Different types of sugar produces different results. Here are the expected results according to the type of sugar used.

  • White sugar – The easiest sugar to use because it is common.
  • Jaggery (gula merah) – Sugar takes a while to melt and becomes somewhat clumpy.
  • Brown sugar – It’s crispy with a nice caramel flavour.
  • Coconut sugar (gula melaka) – The end result will completely blow-your-mind. It’s incredibly crispy and has a lovely burnt caramel flavour.
(L-R): Top – white sugar, jaggery, Bottom – brown sugar, coconut sugar.

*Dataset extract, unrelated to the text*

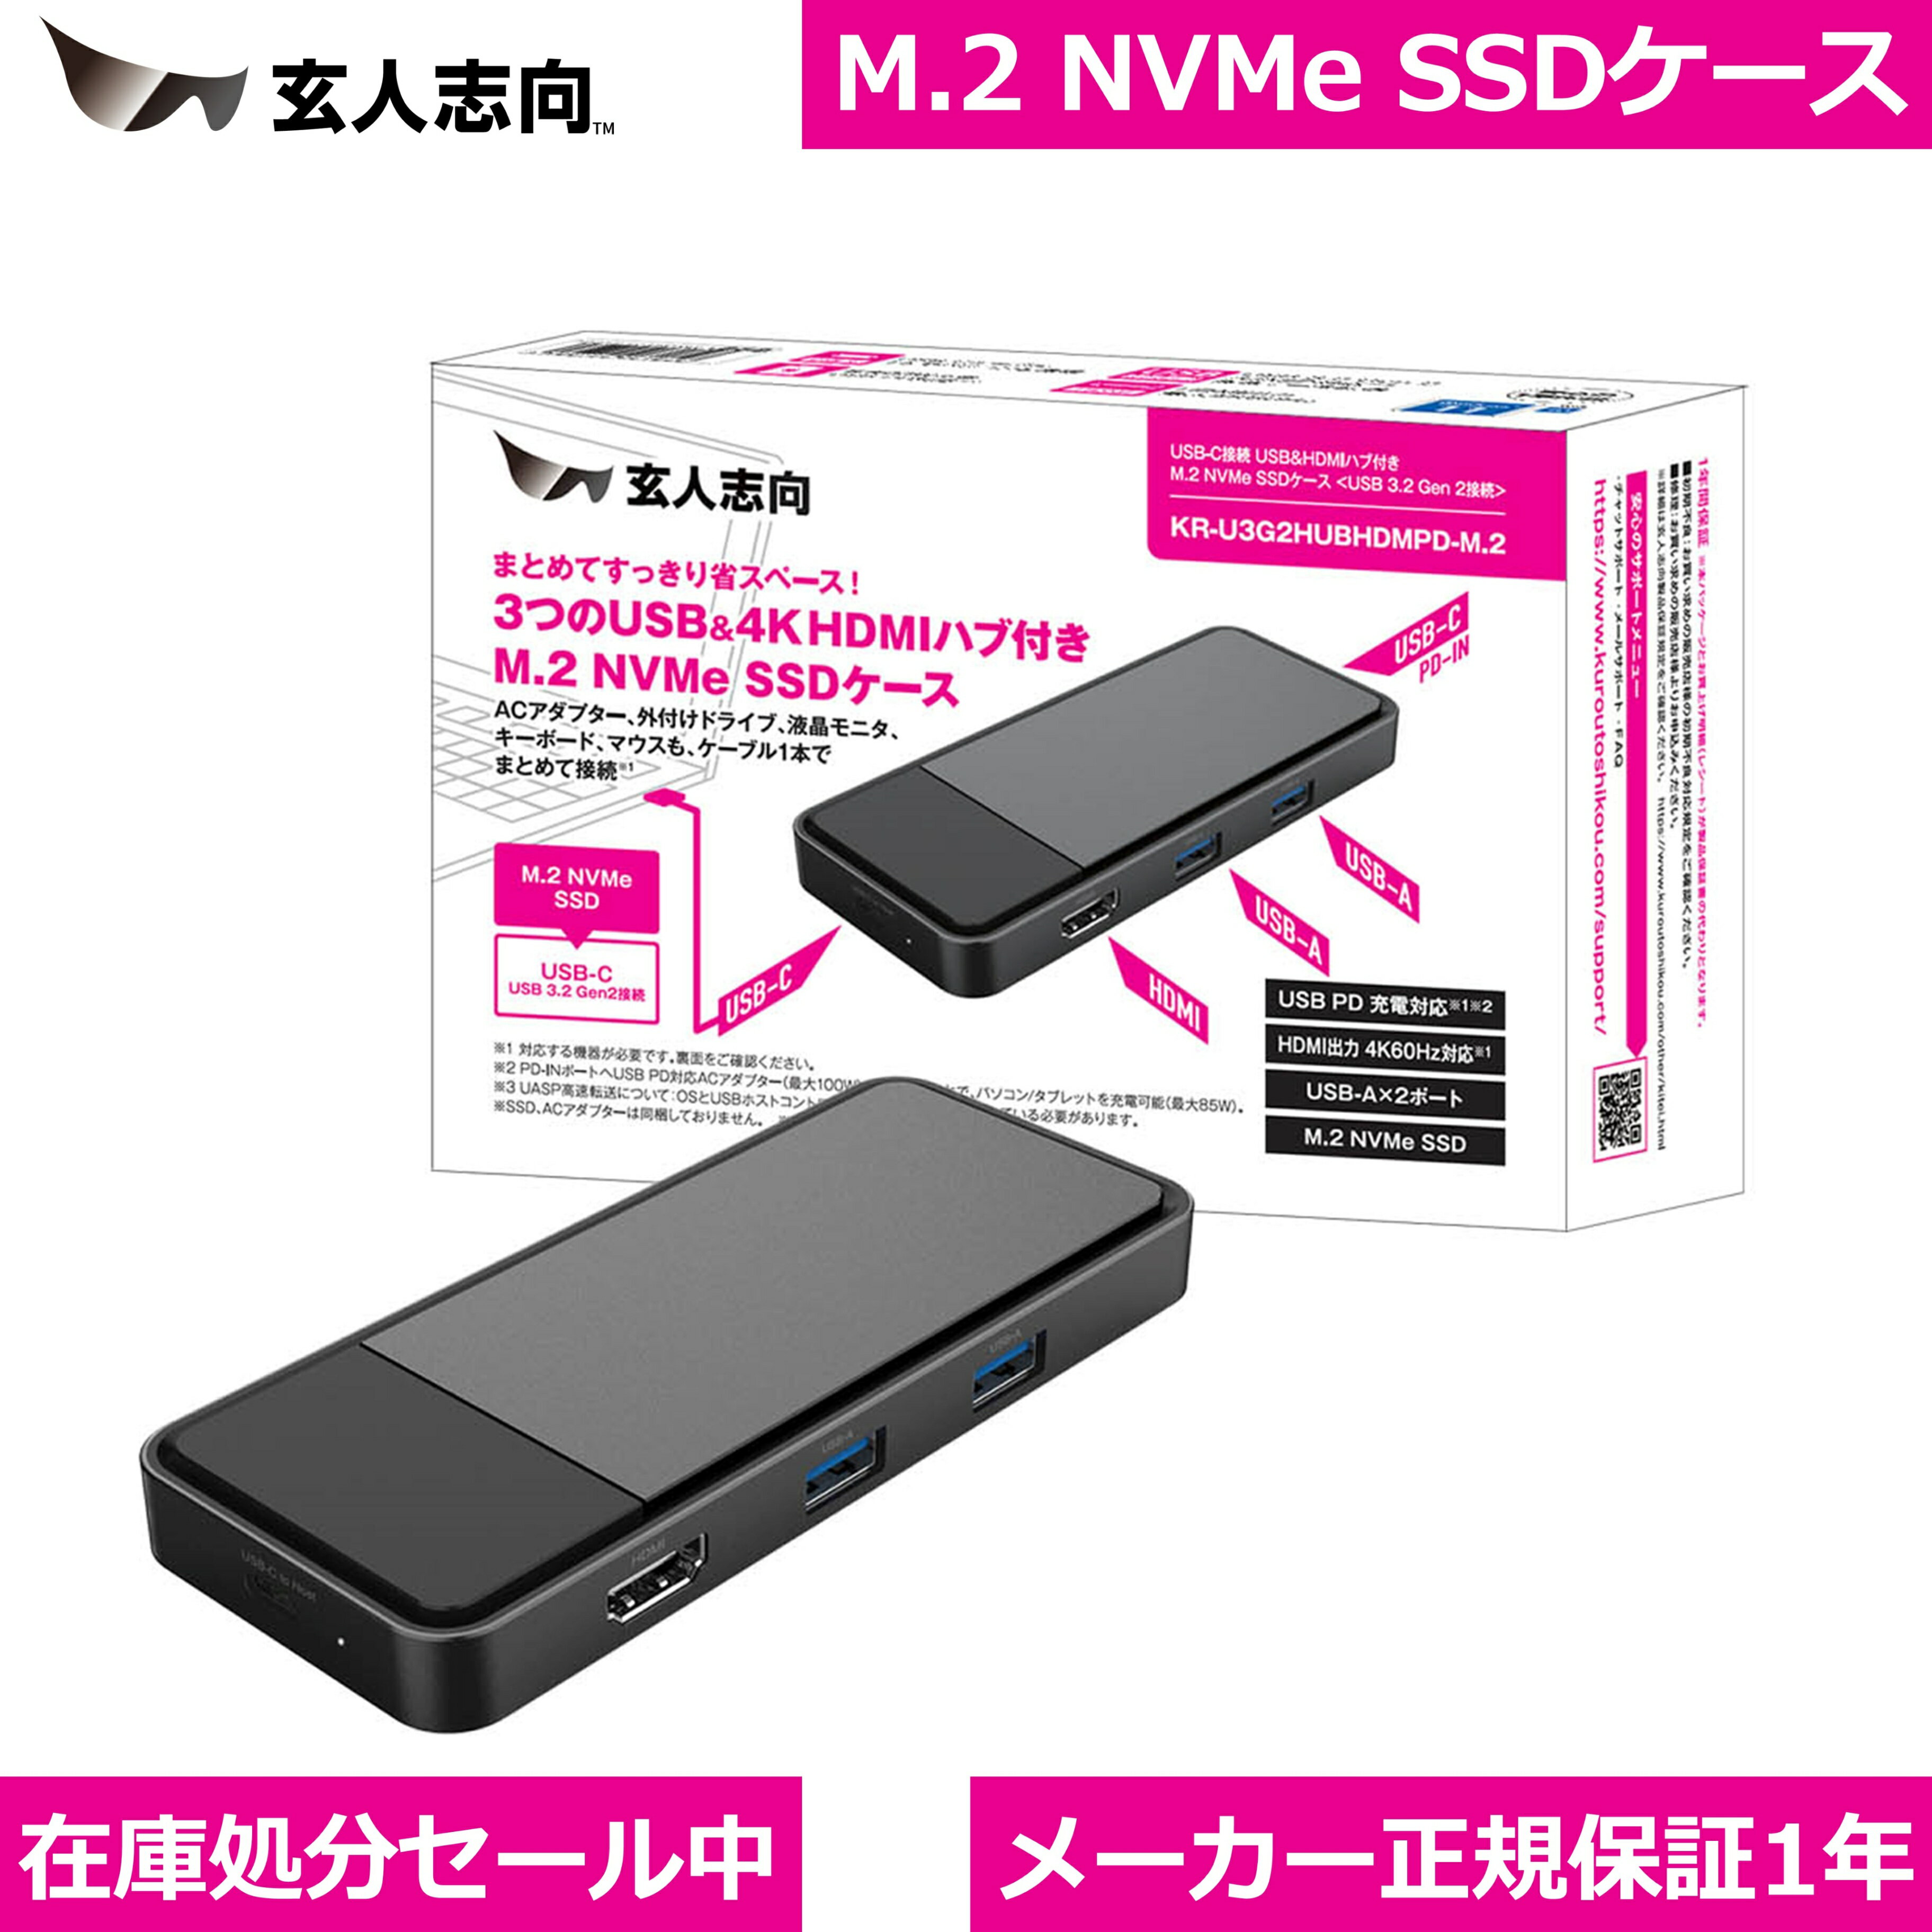 lu 3USB4K HDMInut USB3.2 Gen2 ڑ M.2 NVMe SSDP[X KR-U3G2HUBHDMPD-M.2 ylu̔Xz

  • Peel and rinse the yams,
  • Using the smallest hole on the box grater, grate yam finely into strings. Do not use a microplane box grater as the holes are too small.
  • In a medium-sized pot, heat oil enough to drown the yams.
  • If you see bubbles in the pot, the oil is ready for frying.
The oil is ready when it starts to bubble.
  • Add 2 tablespoons of sugar into the pot and stir until the sugar melts and looks like brown sludge.
Sugar is ready when it looks like sludge – like a science experiment!
  • Add 1 cup of grated yam. Fry and stir the yam continuously until it’s golden brown.
Expect oil to splash when yam goes in because of its water content.
The yam is ready when it turns golden brown.
  • Remove fried yam, quickly tossing excess oil and transfer yam to the first tray.
Fried yam, fresh out of the pot.

Shaping the cookies

  • Quickly scoop a spoonful of yam into the mould, pressing it down using slight pressure to compact and shape the yam. Do not press too much as this will make cookies too hard.
Metal moulds are great but it can get very hot.
  • Once compacted, press out the shaped cookies onto a kitchen paper-lined tray to cool and absorb excess oil.
  • Repeat the process.
  • Let cookies cool before storing in an airtight container.

Extra tips:

  • Use yam (any colour is fine) instead of sweet potatoes.
  • Work quickly or the sugar will cool and solidify the mess of fried yam into a big lump.